QUARTIER BLANC

   à R.P.

Si tu viens un jour
je ferme les yeux
je laisse les yeux
je laisse le bleu
mordre

Mais tous les printemps
ne sont pas présents
dans une seule
vie

Toi tu prends le marbre
l’or les églantiers
moi je garde dans mes plaies
le sable

Un jour si tu rentres
dans le jardin clos
tu verras mes os
fleurir

Le lilas griffer
la rose blanchir
et les orties tordre
l’été.

  Oran, février 1953

(Poème extrait de Les Désordres, éd. Saint-Germain-des-Prés, 1972. © Les Hommes sans Épaules éditions).

HÉLIOPOLE

1

Après l’Enfer voici une saison
Belle comme la lune avec ses enfants.

 

Une ville de chardons
Prise dans le verre bleu de l’aube.
On n’y atteint qu’après avoir longtemps longé
Le rempart de cactus
(En toi aussi, calcinées, les fleurs taillent l’injure
(Les poches bourrées de sourires,
Mais qui forcera leur blue-jeans ?).
Dans les faubourgs un parfum assaillant
De géranium, de tomate et d’urine,
Auréole les macs joueurs de dominos.
Les femmes sont dans les murs.

4

Et cette ville ne fut qu’un souhait de la détresse
Pour conjurer les bagnes de ton sang.
Entrevue (comme l’os sous ta plaie). Imaginée.
Pour qu’un mot puisse à l’autre souder
Son avenir.
Mais que pourrions-nous bâtir sur des nénuphars ?
Déjà l’impériale moisissure…

5

Sinon ces plages triomphantes
Un redent de blessures
  Mais pas
Ce bas-quartier d’ulcères !
  À force de se fuir
Nos lèvres, ce sont les mots qui fuient, nos phrases qui s’agressent.
Quelques mégots froids nous tiennent lieu de bivouac.
Ni magie ni présence.
  Le glas
Lancinant qui d’une vertèbre à l’autre
Égrène encore un nom (le carbone usé d’un regard).
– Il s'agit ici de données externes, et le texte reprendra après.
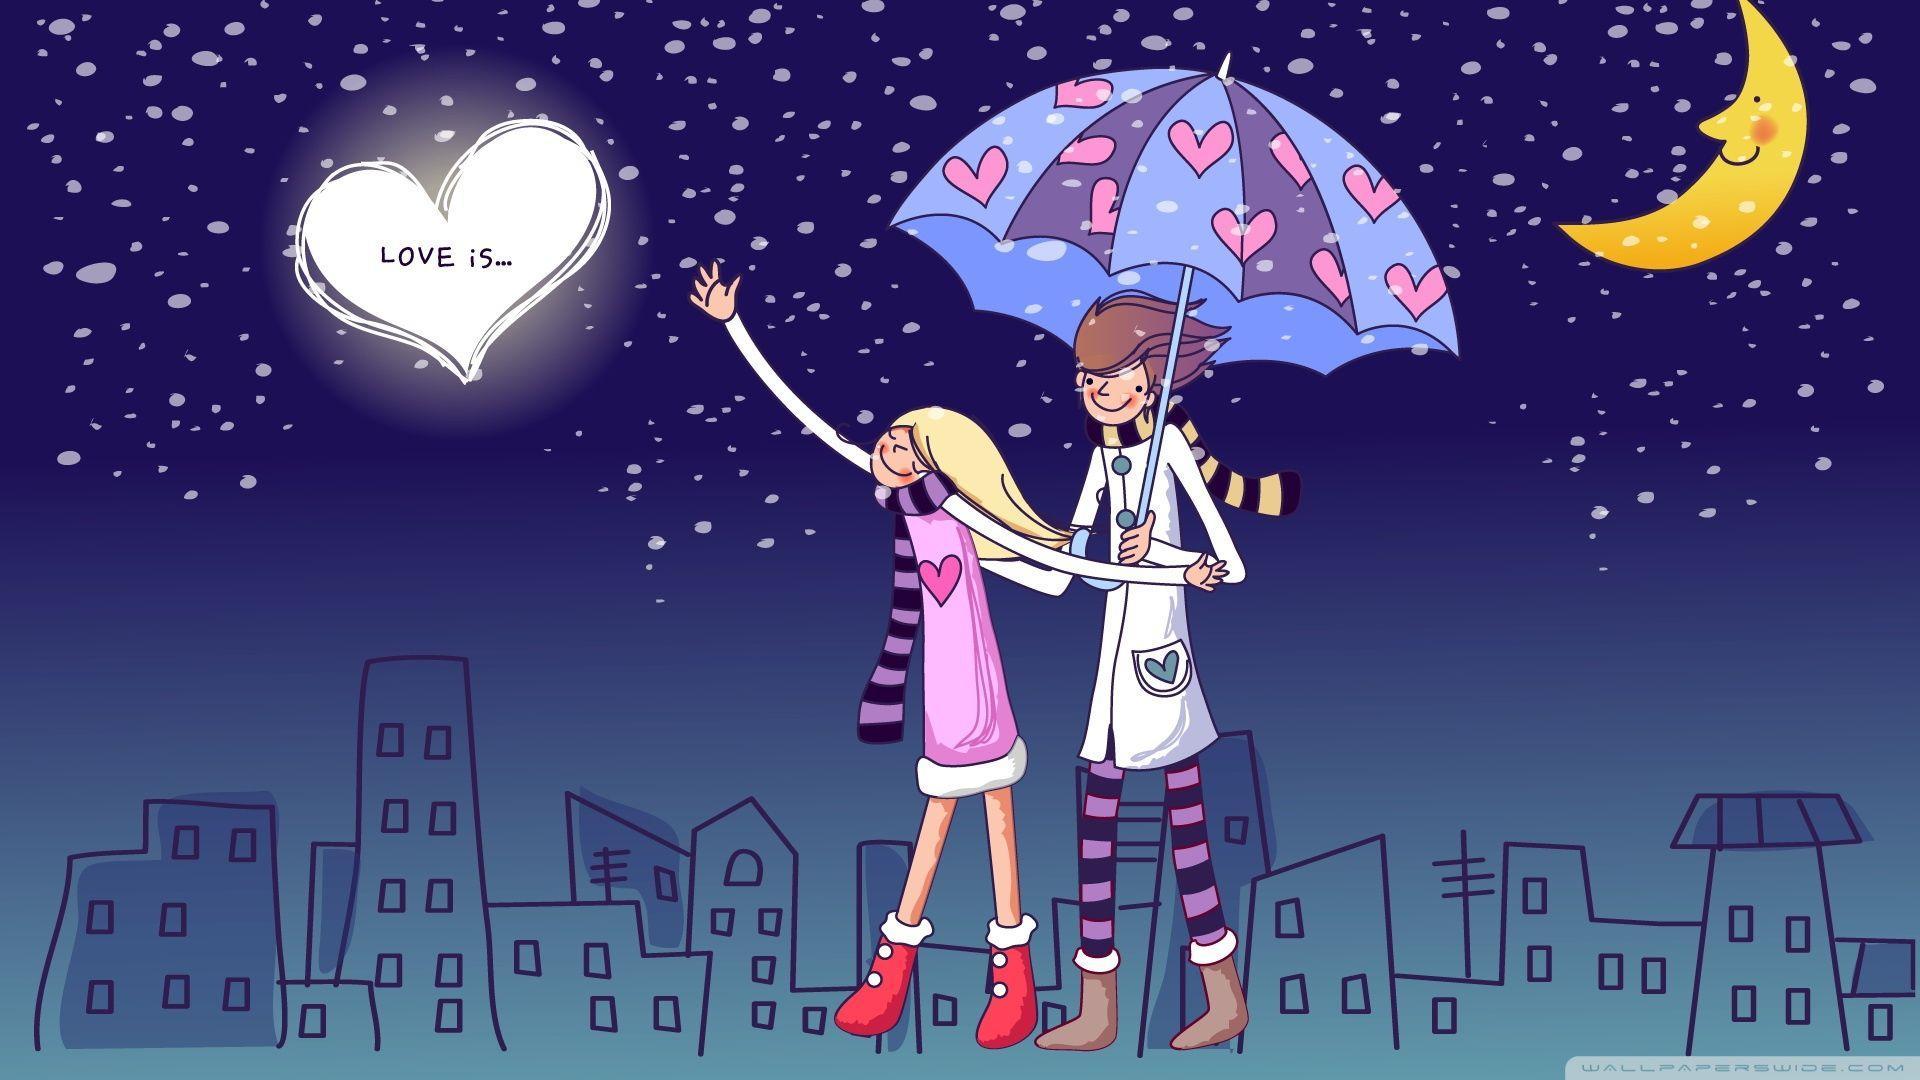 Cartoon Love Hd Wallpapers Wallpaper Cave

(Poème extrait de Les Désordres, éd. Saint-Germain-des-Prés, 1972. © Les Hommes sans Épaules éditions).

 

PANOPLIE

1

Alors il fut permis à chacun de périr selon sa joie.
Les mots n’encombraient plus les vertèbres
Ni la moelle notre horizon.
Toute haie abolie tu allais du pas de ceux qui n’attendent plus de halte
Et savent autour du sang ce qui est poussière de l’astre, ce qui est paraphrase du néant.
Dieu mugit dans le désastre de tes doigts.
Souhaiter a disparu,
Toute saisie, tout orage.
Le sexe – et lui seul exista plus ferme que ton âme –
A disparu, la pulpe du poème
N’est même plus trace de sperme.
Vivant, il ne restait plus qu’à périr dans la multitude des jours.
(Sous l’ongle, le fuit glacé et la glaire d’accueil).
Chacun selon son orgasme dans le néant de Dieu.

2

Mes mots, vertèbres transfigurées.

    Pointe-Pescade, Blida, Alger
    12 janvier – 29 novembre 1968

(Poème extrait de A‑Corpoèmes  in Jean Sénac vivant, éd. Saint-Germain-des-Prés, 1981. © Les Hommes sans Épaules éditions).